Teacher: Oh Captain!
Students: My Captain!

I asked the teacher if he knew the Whitman poem that he was using – which I had memorize in college for Hugh and still have committed to memory to this day – and he did not. He had taken the idea from Dead Poet’s Society, the Robin William’s film about an English teacher at a boy’s boarding school in the 1960’s. 

I thought this rather unfortunate, so the next time he was absent from his classroom, I handed a copy of the poem to each of his students and asked them to begin memorizing it in secret. I explained that I would pop into their classroom whenever he was out to help them memorize the poem and rehearse, and one day, when they all knew the poem by heart, they would leap to their feet in the midst of the call and response, and instead of simply saying, “My Captain!” they would proceed to recite the entire poem to him.  
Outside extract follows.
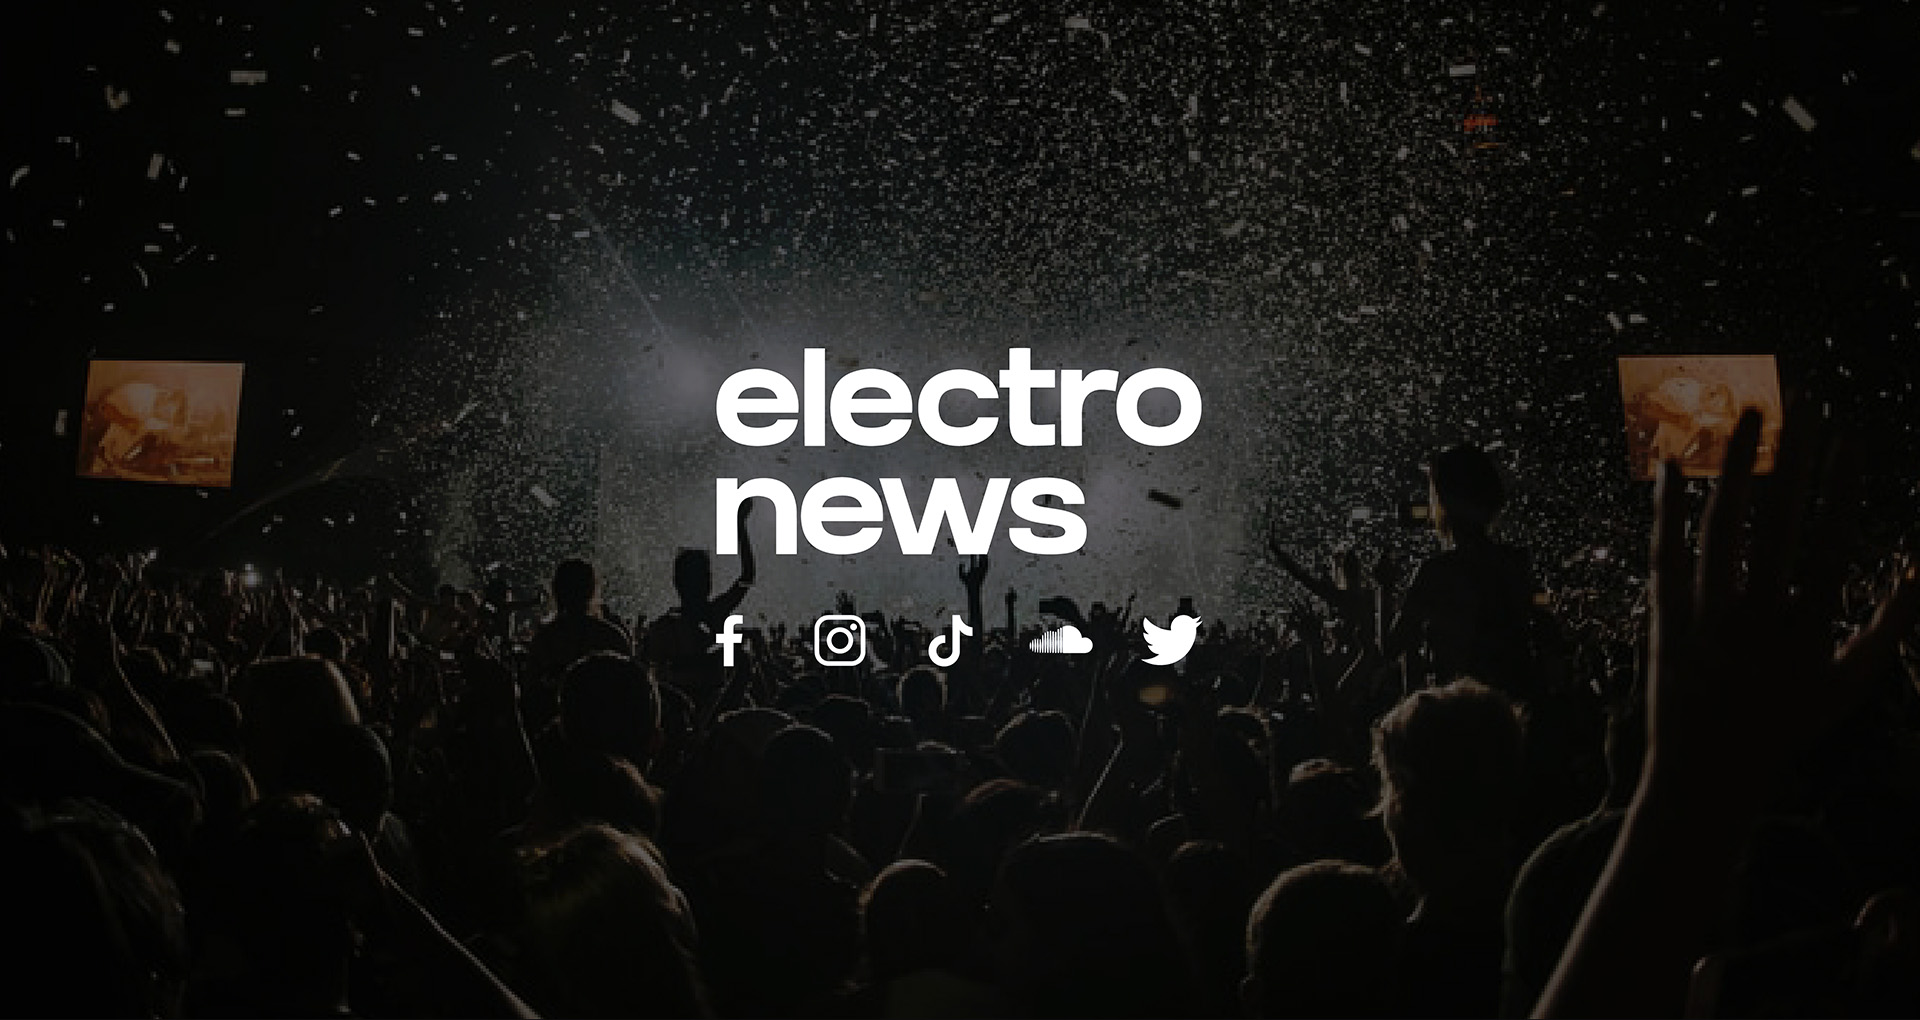 (c) Electro-news.eu
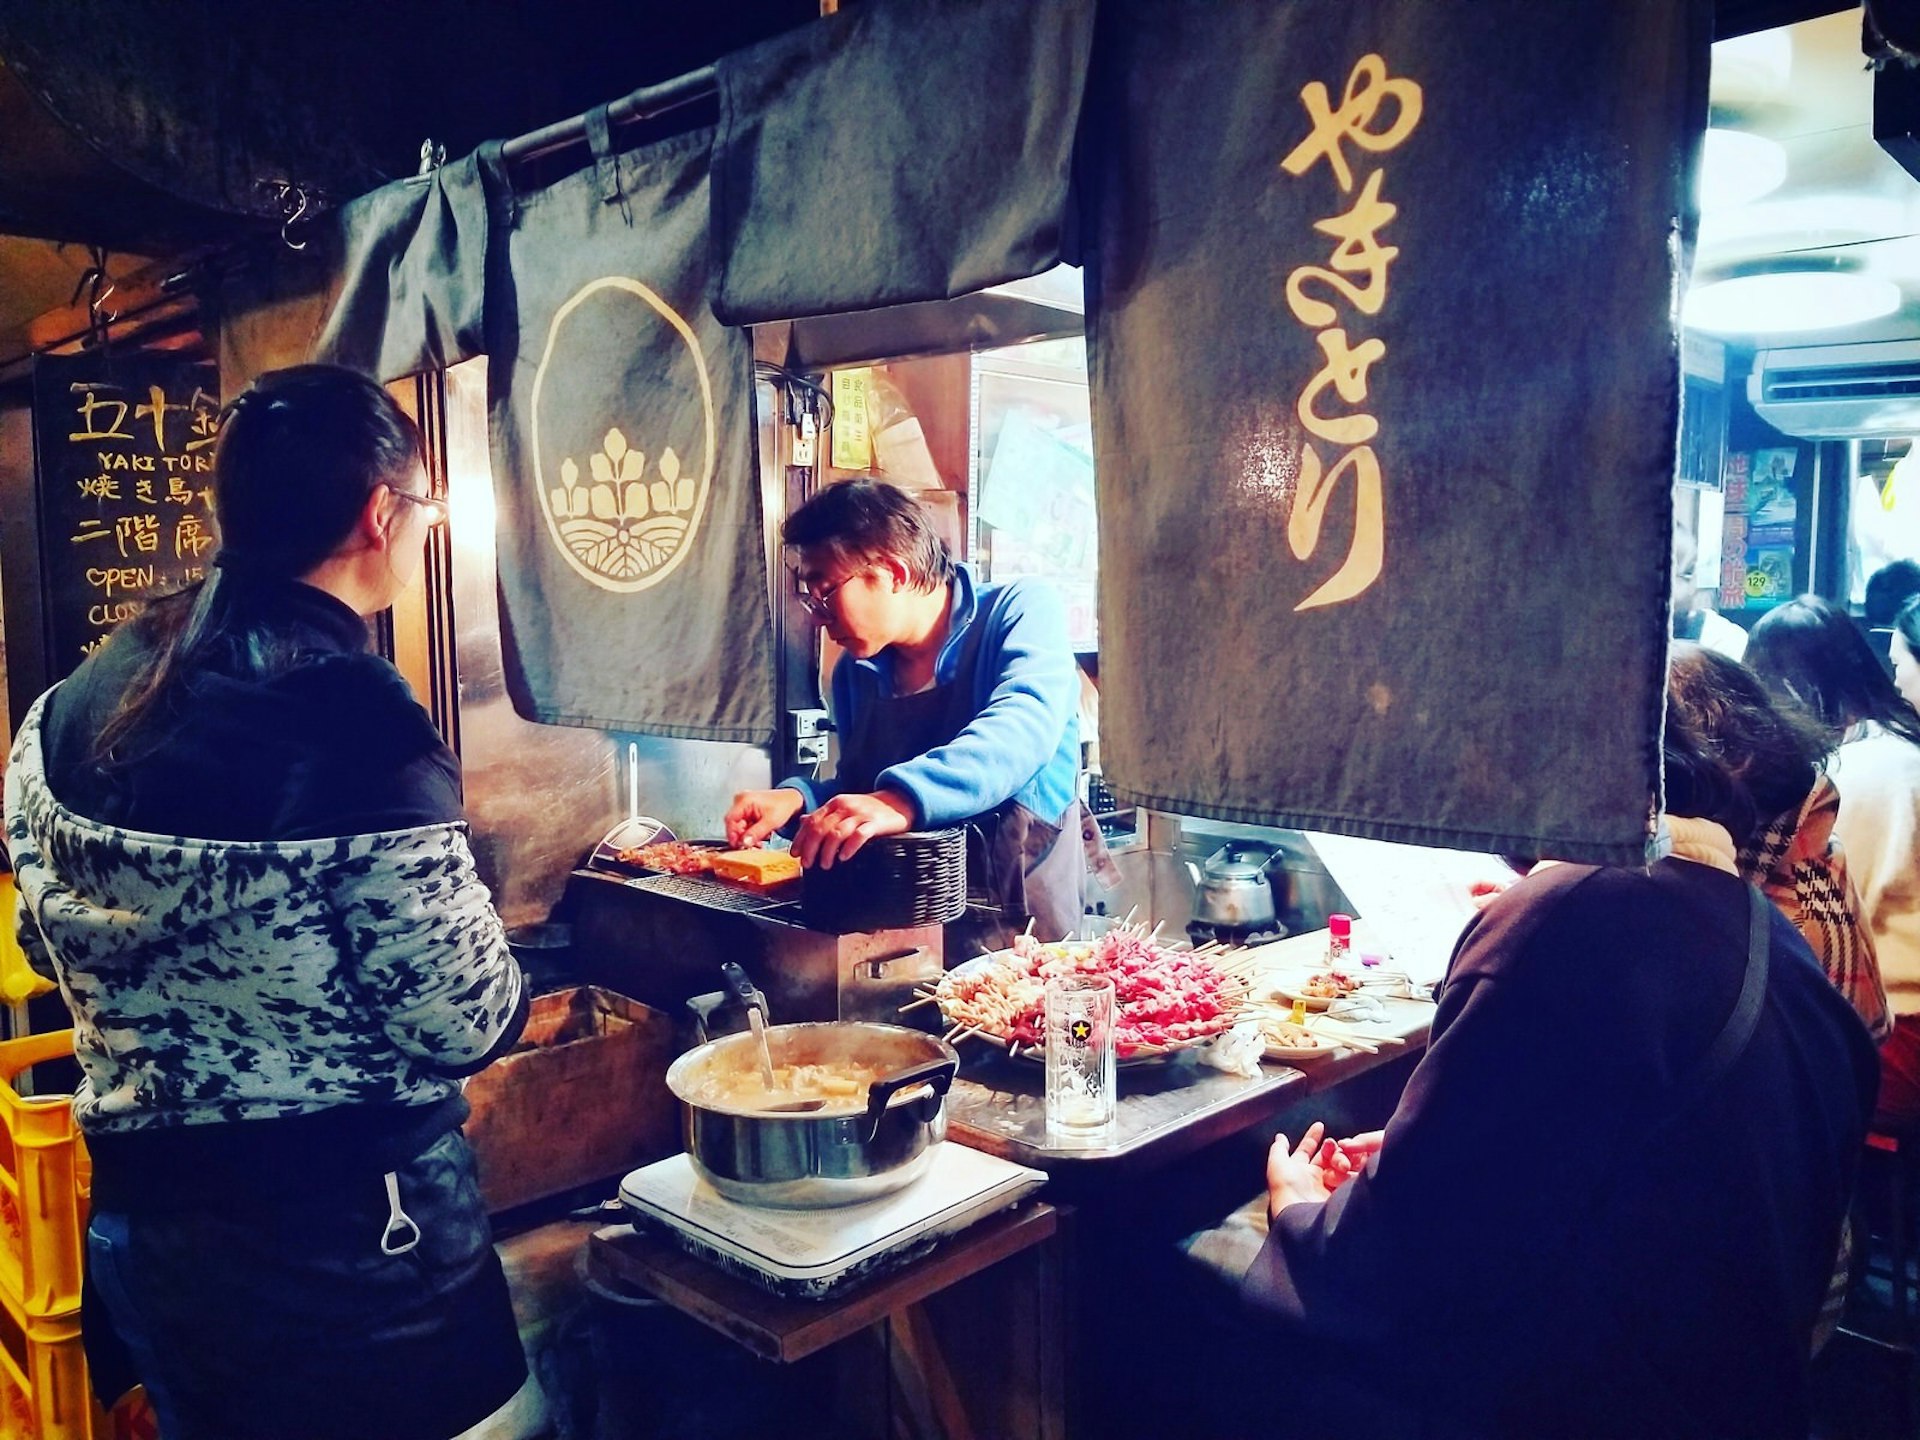 A man serves grilled chicken skewers at a tiny restaurant open onto the street in the Golden Gai area of Tokyo © Khaikholun Vaiphei / Shutterstock

It finally happened on a morning in April. Since our classroom had an adjoining door and window, I was able to wait and listen for him to shout his first, “Oh Captain!” of the day. Then I watched as they all stood and recited the poem back to him. Shouted it back to him. 

In my memory, their recitation was universal and flawless. I suspect the truth was something not quite so cinematic. Still, it was amazing.

Had I been more familiar with the film at the time, I would’ve had them all stand on their desks. That would’ve been cinematic.